In 2014, the Wang group reported the cross-coupling between alkenyl boronic acids and cyclic α-diazocarbonyls to synthesize 1,3-dienes in an oxidative fashion.¹⁶ Since 1,3-diene moieties are found to be useful for the synthesis of various biologically important molecules and natural products, their utilization is broadly explored in synthetic organic chemistry. Here, the authors used the reaction of vinylboronic acids 37 with cyclic α-diazocarbonyls 36 to synthesize diverse substituted 1,3-diene compounds 38 bearing a ring (Scheme 5a). This reaction tolerated differently substituted vinylboronic acids with various diazocarbonyl compounds, e.g., heteroatom-containing cyclic α-diazocarbonyls such as lactone-based compounds are also suitable for this transformation (Scheme 5b). The ring size of cyclic α-diazocarbonyl compounds noticeably affected the product's yield. Cyclic α-diazocarbonyls compounds derived from the corresponding 5, 6, 7-membered ketones, and beyond gave excellent yields of the products (Scheme 5b). In the case of 5-membered cyclic α-diazocarbonyls, the yield was drastically decreased. Furthermore, the authors also explored acyclic diazocarbonyl compounds to synthesize 1,3-dienes. However, they yielded a mixture of stereoisomeric 1,3-dienes 38d (Scheme 5b).

Scheme 5 Pd-catalyzed synthesis of 1,3-dienes.

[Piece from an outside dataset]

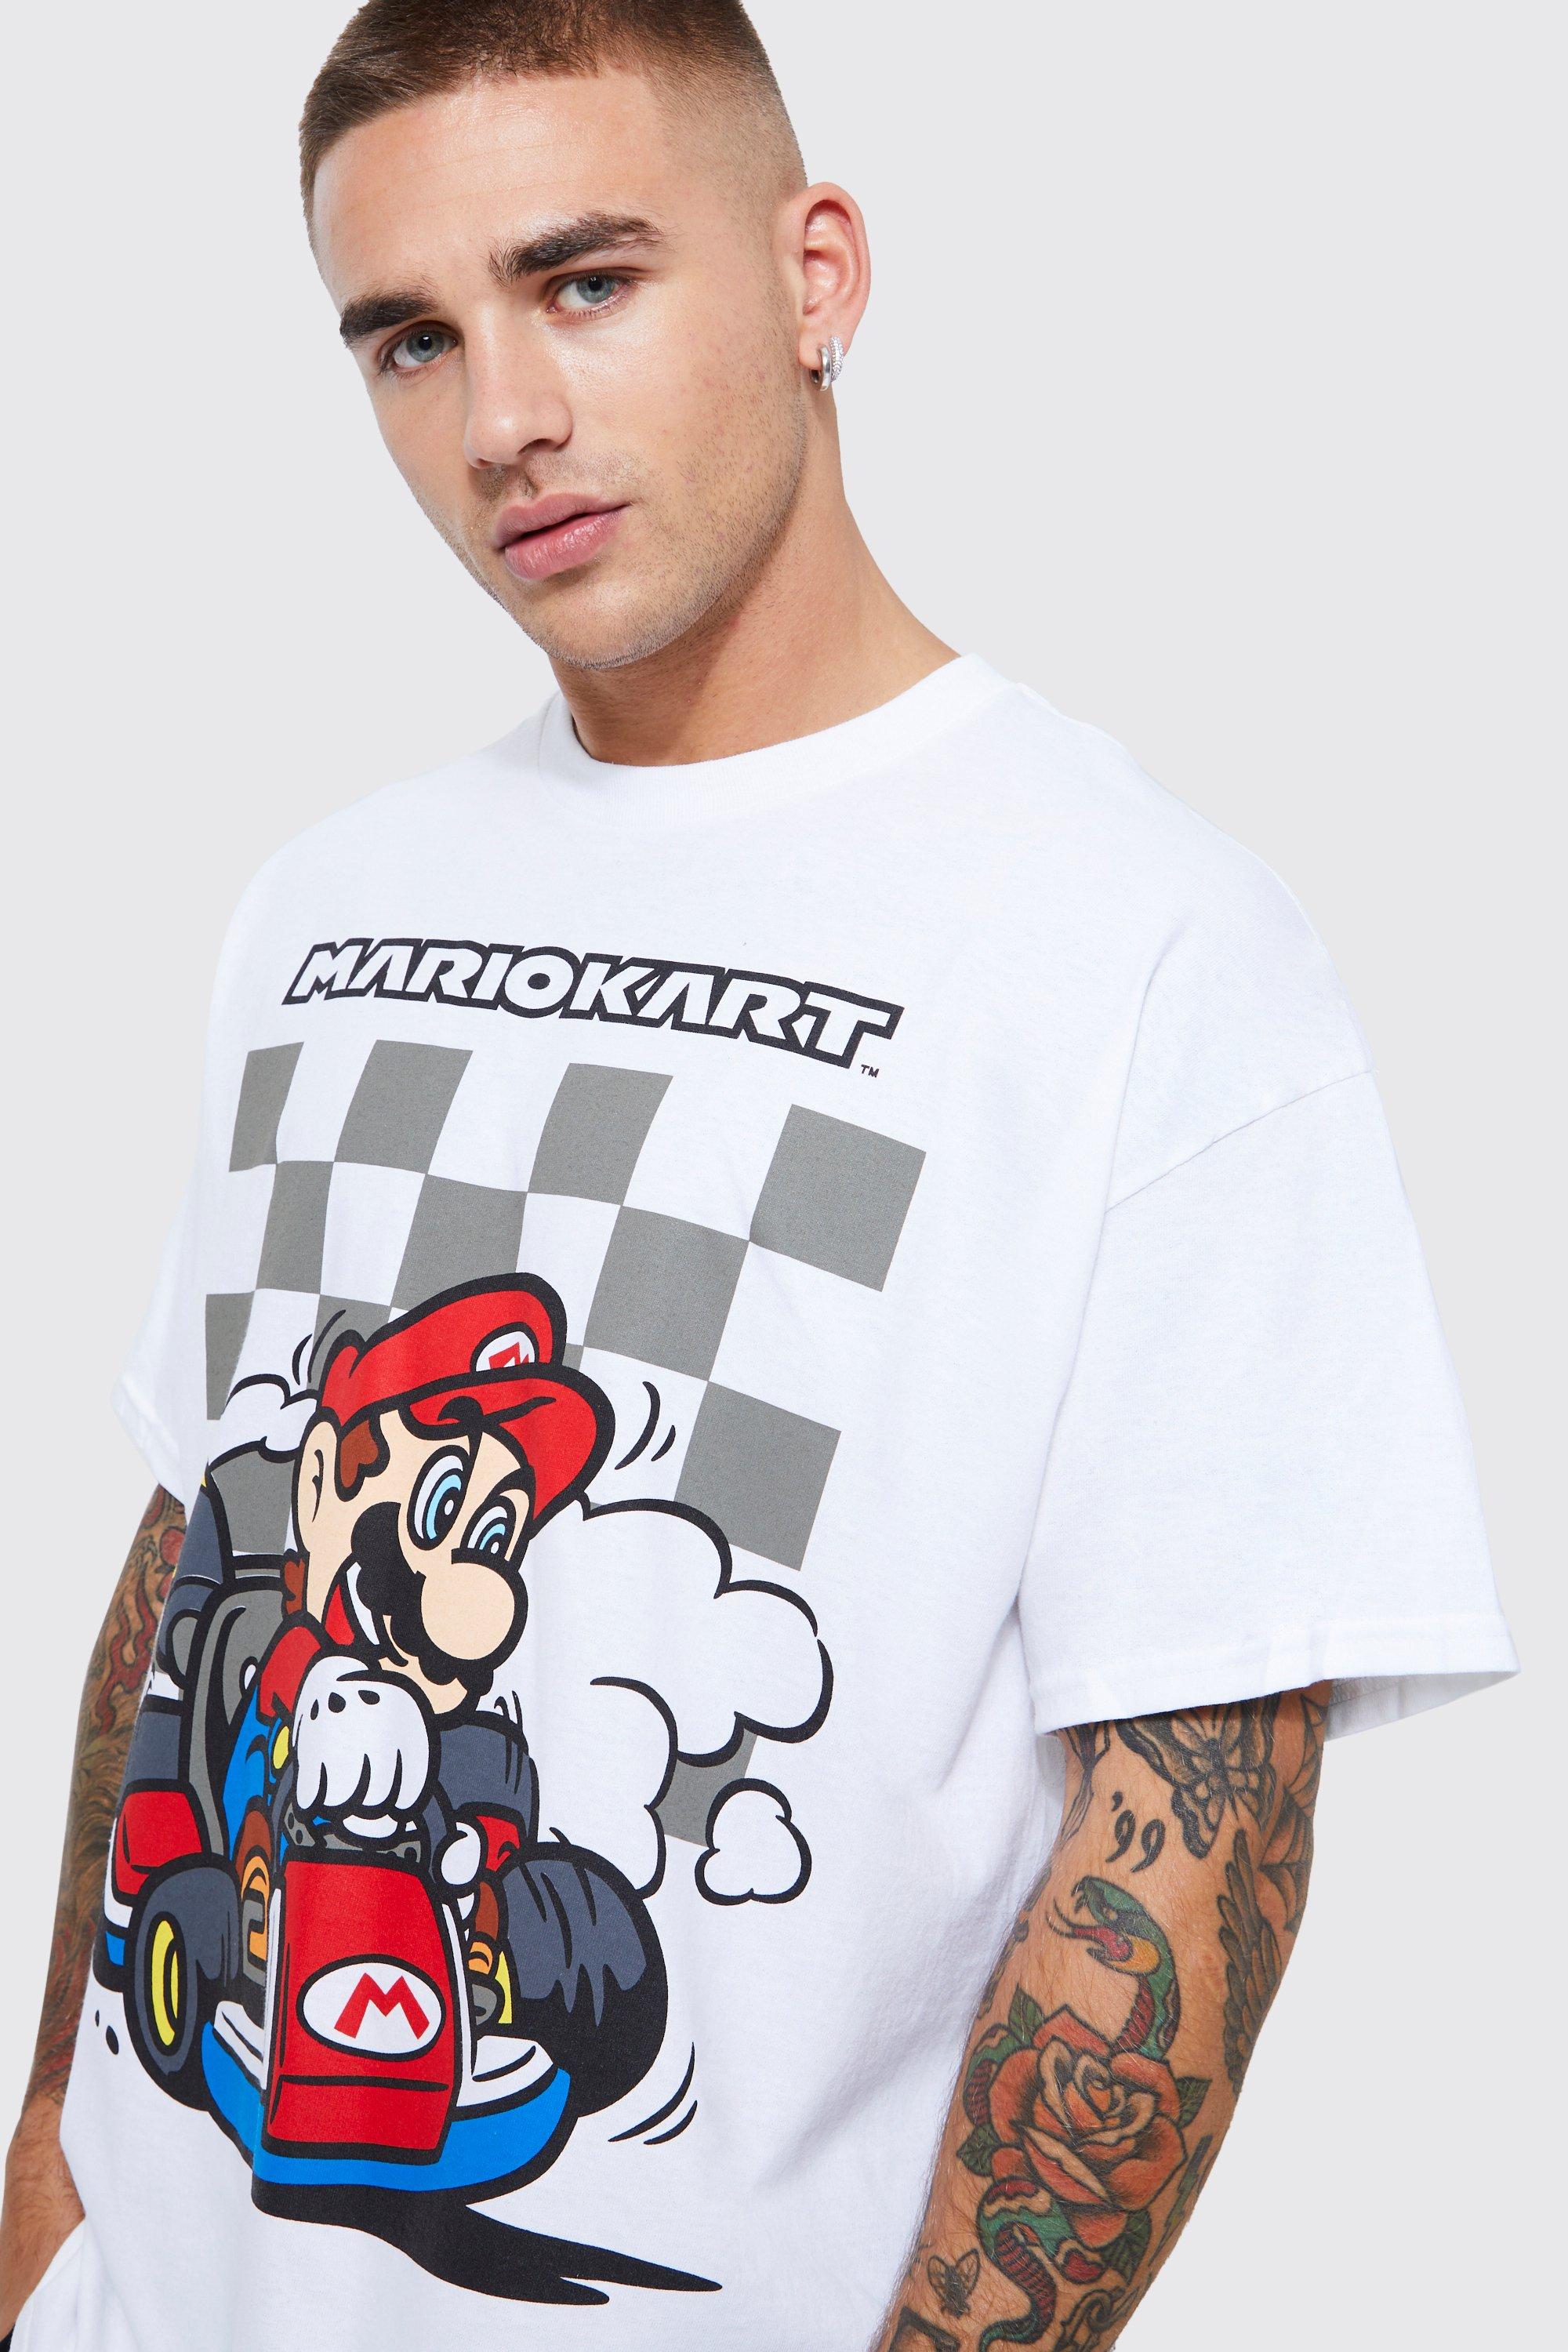 Klooster Farmacologie charme Oversized Super Mario License T-shirt | boohoo

The oxidation of Pd(0) by BQ generated the Pd(II) 39 species. Later, it underwent transmetalation with vinylboronic acids 37 to generate the intermediate 40. Next, cyclic α-diazocarbonyls 36 reacted with intermediate 40 to give Pd–carbene 41. Vinyl group migratory insertion gave 42, and then β-hydride elimination afforded 1,3-diene 43 (Scheme 5c).

In 2016, the Szabó group extended the reaction of allylboronic acids with α-diazoketones for the selective synthesis of linear allylic carbonyl compounds¹⁷ bearing opposite regioselectivity (Scheme 6) compared to the Cu-catalyzed cross-coupling reaction reported by the Szabó group (Scheme 32),¹⁸ which is discussed in section 4 on Cu-catalyzed transformations. Aromatic and aliphatic substituted α-diazoketones 45 reacted well with various allylboronic acid derivatives 44. Electronics on the aromatic ring of α-diazoketones 45 did not play any role in the outcome of the yields (Scheme 6b). However, alkyl substituted allylboronic acid gave the E/Z isomers 46c (Scheme 6b); further disubstituted and δ-disubstituted allylboronic acids were observed with diminished diastereoselectivity. Interestingly, unlike other Pd-catalyzed reactions, this transformation did not require any external oxidant. However, the authors used CuI as an additive to facilitate the transmetalation step and to improve the yield.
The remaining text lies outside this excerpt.